Type: Package
Title: Generator of Synthetic Patient Data for the OMOP Common Data Model
Version: 0.1.4
Description: Tools to generate synthetic patient-level test datasets in the Observational Medical Outcomes Partnership (OMOP) Common Data Model (CDM). Includes a chat-driven generator backed by large language models and an interactive 'shiny' designer for editing CDM test sets.
URL: https://github.com/mi-erasmusmc/PatientGenerator, https://mi-erasmusmc.github.io/PatientGenerator/
BugReports: https://github.com/mi-erasmusmc/PatientGenerator/issues
License: Apache License (≥ 2)
Encoding: UTF-8
RoxygenNote: 7.3.3
Depends: R (≥ 4.1.0)
Imports: bslib, checkmate, data.table, DBI, dplyr, DT, duckdb, ellmer, glue, httr2, jsonlite, r2d3, R6, shiny, stringr, testthat
Suggests: CDMConnector, CohortCharacteristics, CohortConstructor, covr, ggplot2, knitr, rmarkdown, TestGenerator
VignetteBuilder: knitr
Config/Needs/website: pkgdown
Config/testthat/edition: 3
NeedsCompilation: no
Packaged: 2026-04-27 09:48:57 UTC; cbarboza
Author: Cesar Barboza ORCID iD [aut, cre], Ger Inberg ORCID iD [aut], Adam Black ORCID iD [aut]
Maintainer: Cesar Barboza <c.barboza@mi-erasmusmc.nl>
Repository: CRAN
Date/Publication: 2026-05-04 19:10:02 UTC

availableModels() If the API key is valid in the system, returns available models to the user from the LLM provider.

Description

OpenAI is the only one currently supported.

Usage

availableModels()

Value

A string list with the id of a vailable models.
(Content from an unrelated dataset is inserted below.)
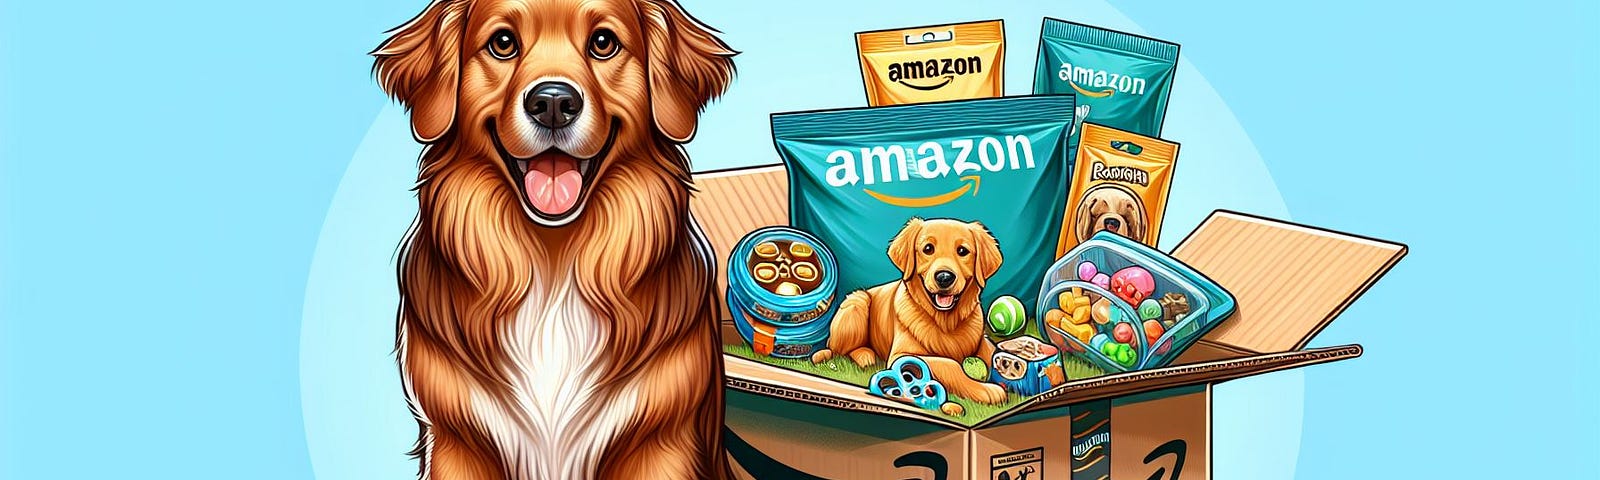 An adorable, well-groomed dog sitting proudly next to an open Amazon package overflowing with pet toys and treats. The dog, perhaps a golden retriever, looks directly at the viewer with a warm, inviting expression. The package prominently displays the Amazon logo.

Concept search Shiny module

Description

Reusable UI and server for searching the vocabulary (Hecate) and selecting a concept. Shows a button that opens a modal with text input, search button, and results in a DT table. Optional callback when a concept is selected.

Usage

conceptSearchUI(id, buttonLabel = "Concept search")
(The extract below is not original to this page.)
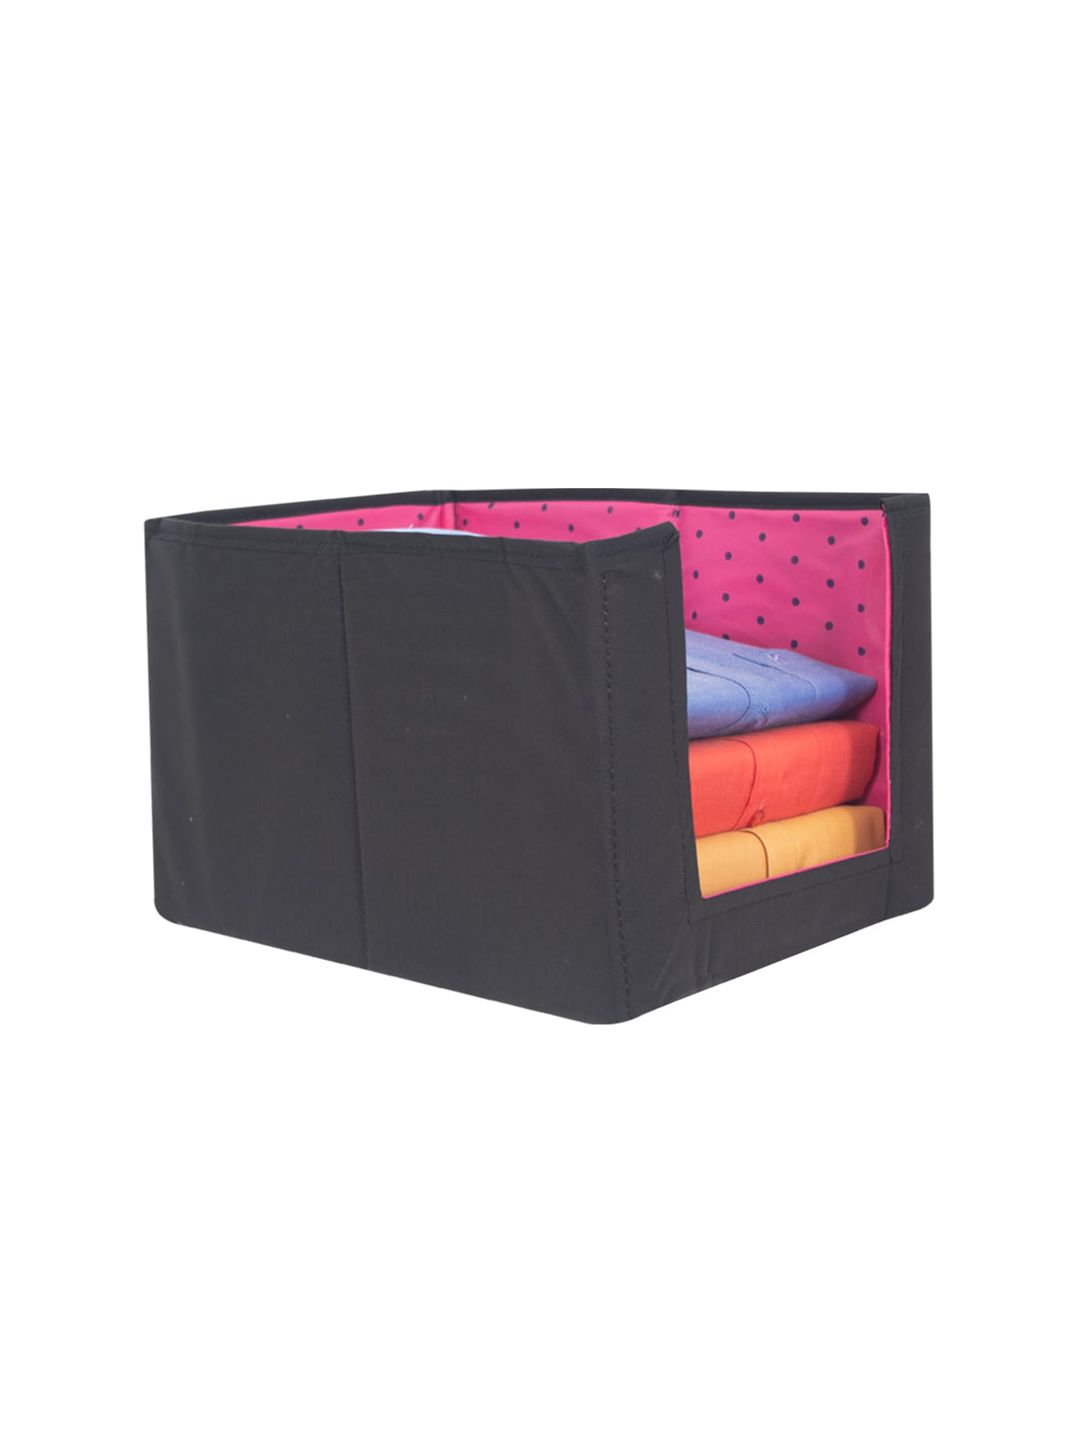 prettykrafts Pink & Black Solid Shirt Stacker Organizer With Handles Price in India

conceptSearchServer(id, onConceptSelected = NULL, placeholderText = "")

Arguments

id

Module namespace id.

buttonLabel

Label for the trigger button (default "Concept search").

onConceptSelected

Optional function of one argument conceptId called when user selects a concept; modal is closed after.

placeholderText

Character string used as placeholder text in the search input field.

Functions


Useful to list available datasets in the testCases folder

Description

Useful to list available datasets in the testCases folder

Usage

getTestSets(path = NULL)

Arguments

path

Optional directory containing JSON test sets. If NULL, the package resolves a default path with testthat integration.

Value

A list()


Create a Hecate API client

Description

Create a Hecate API client

Usage

hecateClient(baseUrl = NULL, timeoutMs = NULL, apiKey = NULL)

Arguments

baseUrl

Base URL of the Hecate API (default from config).

timeoutMs

Timeout in milliseconds (default from config).

apiKey

Optional API key for authorization (default from config).

Value

A client object with class hecate_client.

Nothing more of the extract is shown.